Physically constrained empirical modelling of climatological F-region magnetic field and electric current variations

The Earth’s ionosphere hosts a complex electric current system that generates magnetic fields. The study of these electric currents and fields provides crucial insights into the ionosphere-thermosphere system, lower atmospheric dynamics, magnetospheric physics, and ionospheric plasma distribution and dynamics.

A particularly valuable dataset to study these currents and fields comes from magnetic measurements acquired by low Earth orbit (LEO) satellites. Some of these satellites provide high-accuracy vector magnetic data that are calibrated using onboard independent scalar measurements. This is the case for the ESA Earth Explorer Swarm satellite constellation, the CHAMP satellite, or the more recently launched MSS-1 satellite. Other satellites, such as the GRACE, GRACE-FO, CryoSat-2, and GOCE satellites, provide complementary, less-accurate platform magnetic vector data, which help improve the overall space-time satellite data coverage. Data from all these satellites are already used to recover and study the signals from the Earth’s outer core, the lithosphere, the oceans, the magnetospheric and the E-region ionospheric currents, as well as the currents induced in the solid Earth by these time-varying ionospheric and magnetospheric fields.
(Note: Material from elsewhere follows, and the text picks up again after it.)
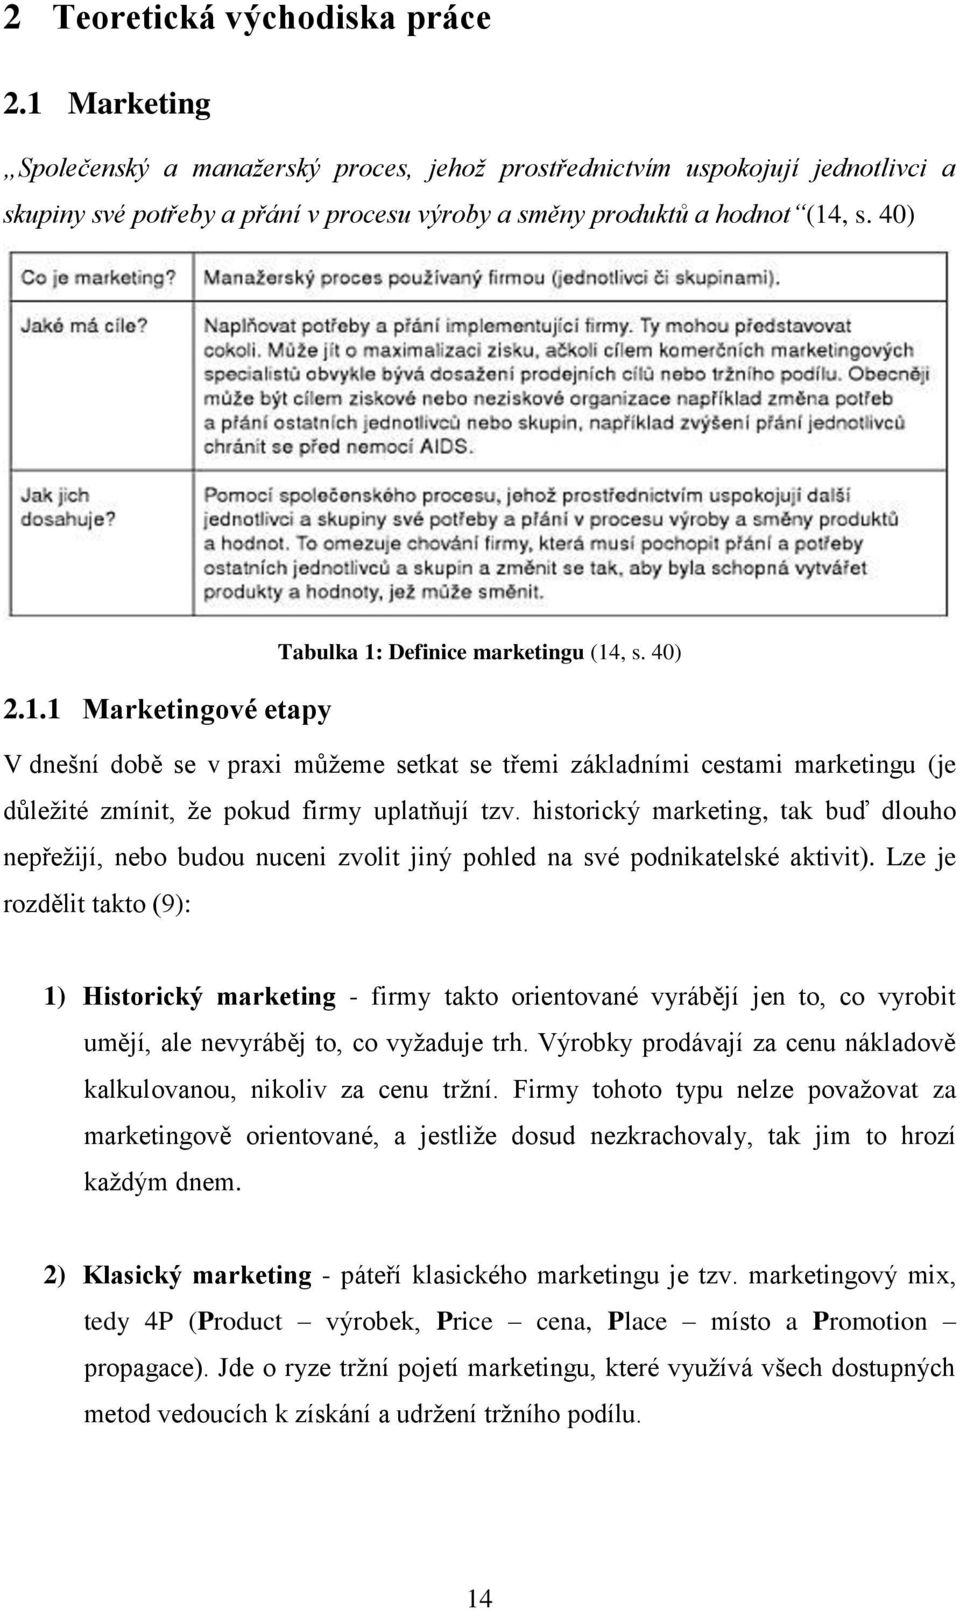 40) Tabulka 1: Definice marketingu (14, s. 40) 2.1.1 Marketingové etapy V dnešní době se v praxi můžeme setkat se třemi základními cestami marketingu (je důležité zmínit, že pokud firmy uplatňují tzv.

Since LEO satellites orbit within the ionospheric F region, they also provide valuable in situ measurements of F-region ionospheric magnetic fields and electric currents. Interpreting the highly dynamic and spatially complex F-region signals in data from satellites at different altitudes and with very different geographic and local time coverage, however, is a challenging problem. A traditional approach in geomagnetism is to construct empirical models to extract and synthesize signals of interest from multiple data sources. Applied to F-region ionospheric fields and currents, it generally leads to strongly underdetermined inverse problems that can hardly be solved robustly due to incomplete satellite data coverage, even with modern satellite data. Recent research has nevertheless demonstrated that additional progress could be made by relying on optimized spatial basis functions using numerical simulations from realistic physics-based models, such as the Thermosphere-Ionosphere-Electrodynamics General Circulation Model. Such an approach has many advantages, including the ability to fill gaps at altitudes where no satellite data are available and to improve model numerical stability.

We will present our first very encouraging attempt to build a climatological model of F-region magnetic fields and ionospheric currents based on such an approach. Possible avenues for future improvements will also be discussed.